Pages build times have gone from 20 mins to 35+ mins
Last week we started seeing our pages build step time increase by about 15 minutes with no code changes to warrant such a jump. This results in the project exceeding the Cloudflare Pages build time limit and failing. I've run tests locally, in Vercel, and Jenkins as a comparison to validate that claim.
Vercel Production build time: 24:38
Local Production build time: 22:12
Jenkins production build time: 21:28
Kind of at a loss here as we are unsure of how to resolve this issue. This is becoming very worrisome for my team and I as we have been unable to deploy through Cloudflare Pages for a week now.
118 Replies
Are you using build caching on your pages project?
I don't believe we are for that project specifically. I think we only enabled it for a different project, but didn't see much of a difference. But I think that may be due to the fact that we are using Nuxt.JS as our framework, if I recall correctly I don't think there is support for Nuxt just yet. on the docs it looks like Next, gatsby, and Astro.
It should still do node_modules caching but yeah I misread Nuxt and Next.
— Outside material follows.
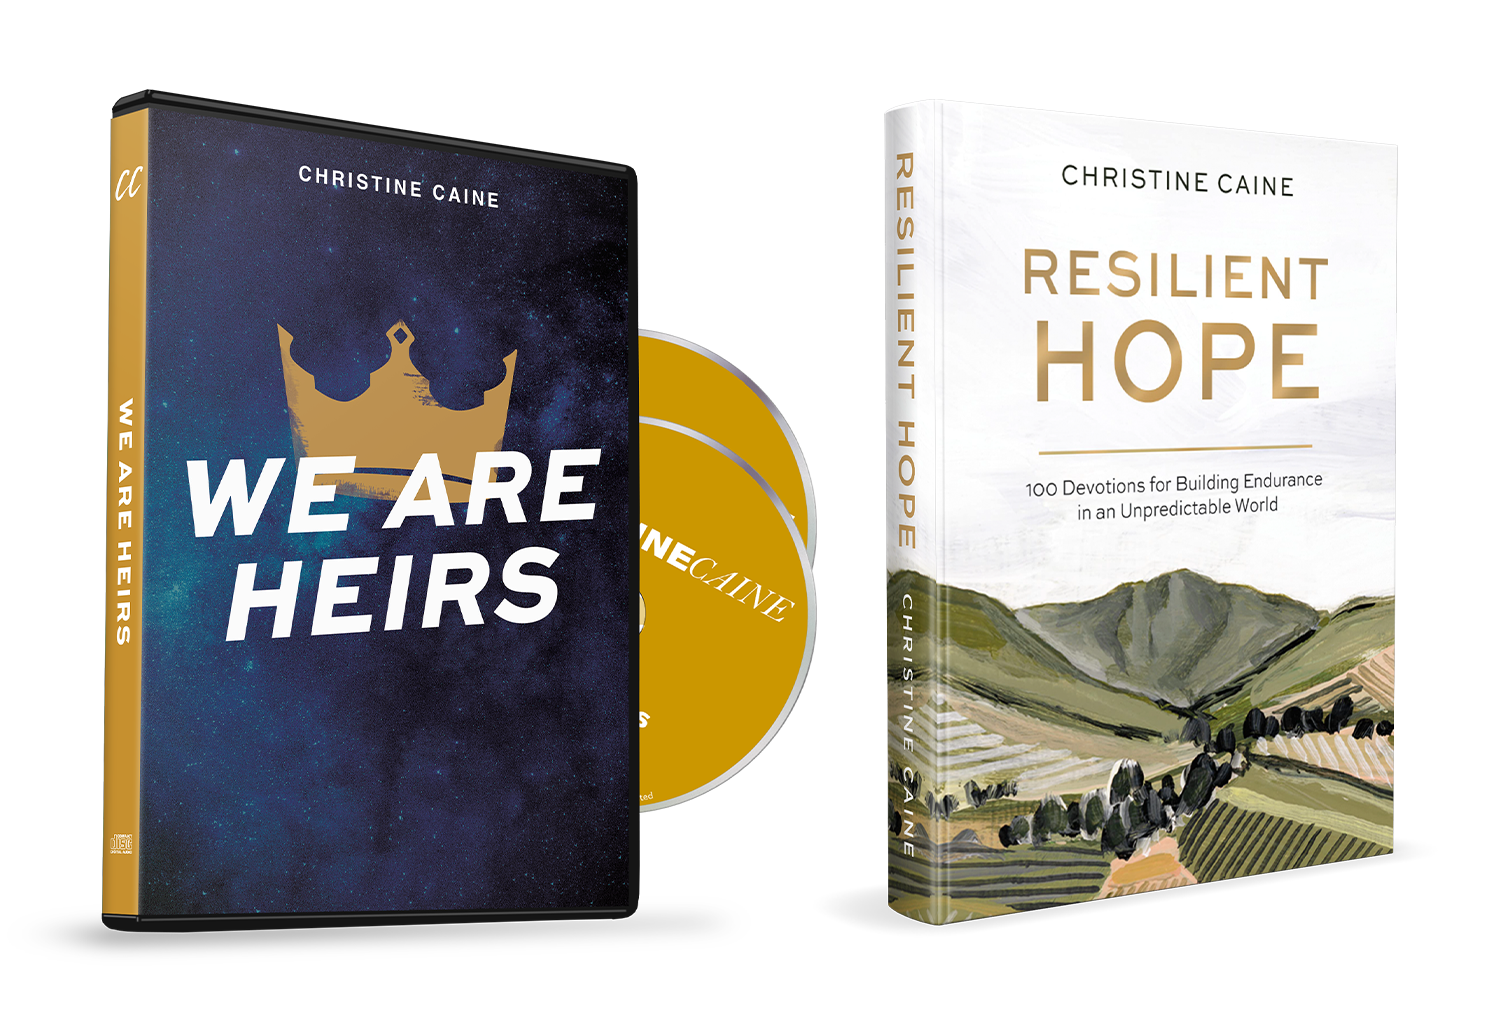 We Are Heirs and Resilient Hope by Christine Caine on TBN

Are there certain steps that are taking longer?
It seems like it's the static build when running
nuxt generate
during the Cloudflare Pages build
step that started increasing in duration. Here is a deployment ID if that helps at all: 53207dd6-24fb-437b-8190-c9772a48afc7
@elijah y'all use Nacelle, right?
Yes sir! we are beginning to think it is a network issue between Cloudflare and Nacelle, just got out of a couple meetings discussing this topic
This isn't the first Nacelle/Nuxt project I've looked at for being slow today. Something funky is going on there. Another project I looked at had maaaaany timeouts going to Nacelle. Not all build outputs are reporting that
Yep, that's what's been making this so difficult for us to identify. We have run so many different tests and ruled out quite a few options already.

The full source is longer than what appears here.